PC VR still has room for improvement, especially in ease of use and stability but its flexibility and customization also makes it a different experience than standalone headsets or even consoles. PC VR, much like PC gaming, enables users to customize their experience to their liking, and that’s ultimately at the heart of what makes the PC such a fantastic platform. You can customize your PC VR experience based on the type of headset and controllers you like, or what your budget allows. The same cannot be said of any other VR platform today. I also believe that many of the advances we are seeing today in enterprise VR will help to improve the cost of consumer-grade PC VR hardware and introduce even higher resolutions as well as features like eye-tracking and other additional sensors. Yes, this does come off as somewhat of a love letter to the PC as a platform, but it currently is and will continue to be the ultimate platform for gaming and VR.
In the end, I expect that we will see Facebook’s current dominance of VR wane as players like Sony with its PlayStation VR retake some of the market share.
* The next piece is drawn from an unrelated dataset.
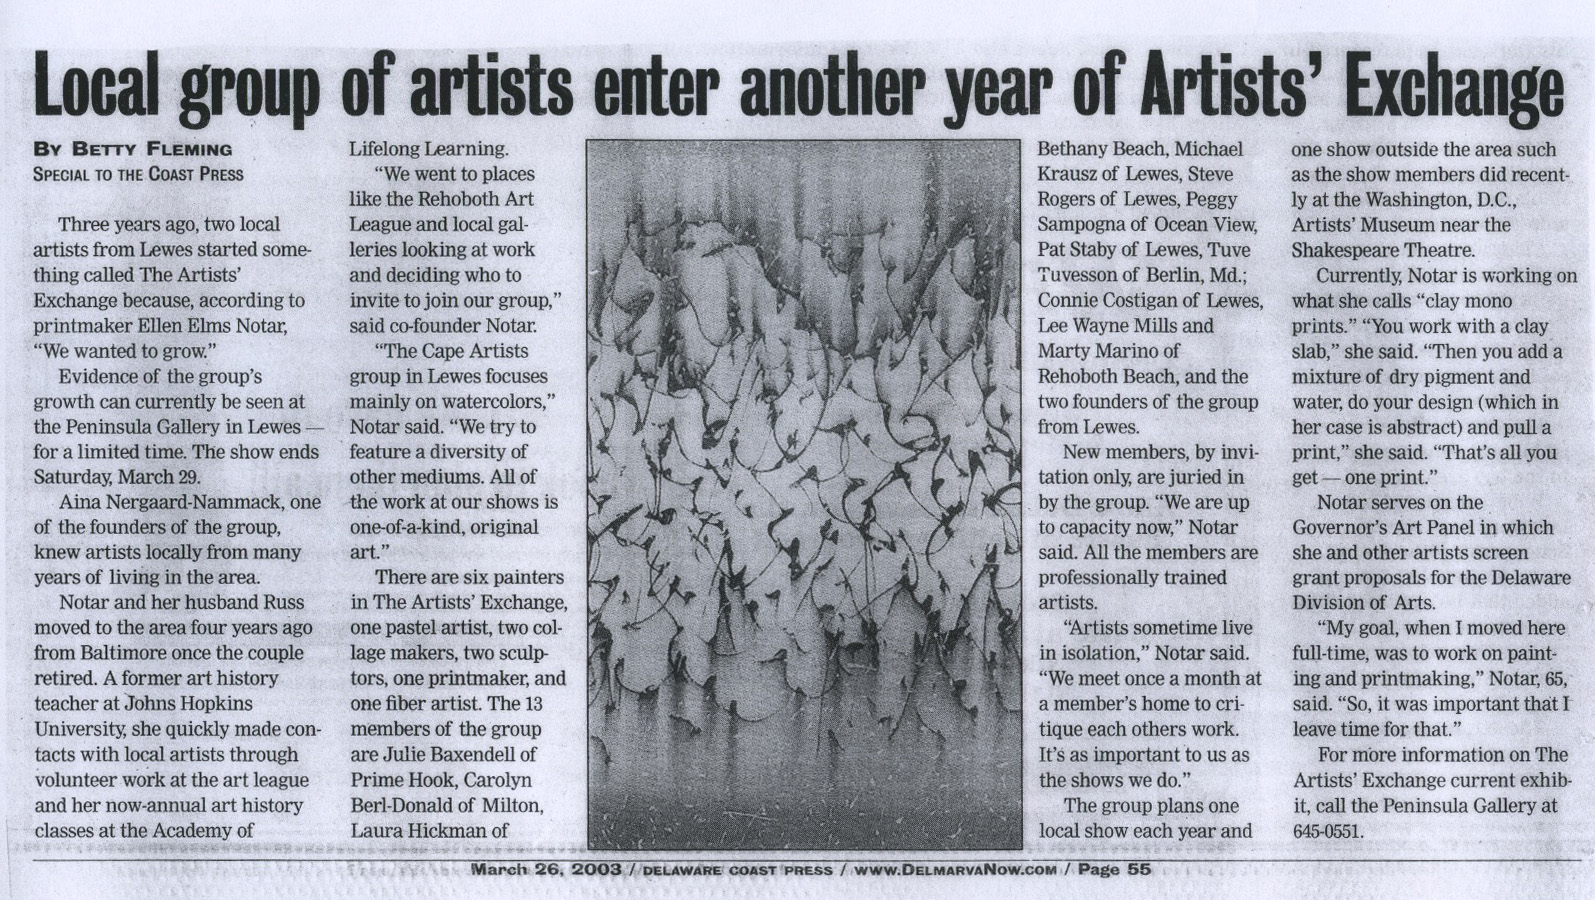 Delaware Coast Press 2003

Apple is still the wild card with a mixed expectation of what is expected to be an XR headset followed by an AR headset. But I believe we will see Microsoft continue to support PC VR along with Valve, and consumers will have a choice between standalone, console or PC VR experiences with varying levels of investment required. Much like the early days of VR, you will see most users gravitate toward mobile (standalone) headsets and then fewer into consoles and even fewer into PCs. This is ultimately how the total addressable market shakes out for the gaming market today, and I expect that VR will likely follow that path when you consider how much VR content for consumers is still primarily gaming. But once again, the PC will continue to be the pinnacle of the VR experience, much like it is today in gaming.
Disclosure: Anshel Sag is an analyst for Moor Insights & Strategy and, like all research and analyst firms, provides or has provided research, analysis, advising, and/or consulting to many high-tech companies in the industry. The author does not hold any equity positions with any companies cited in this column.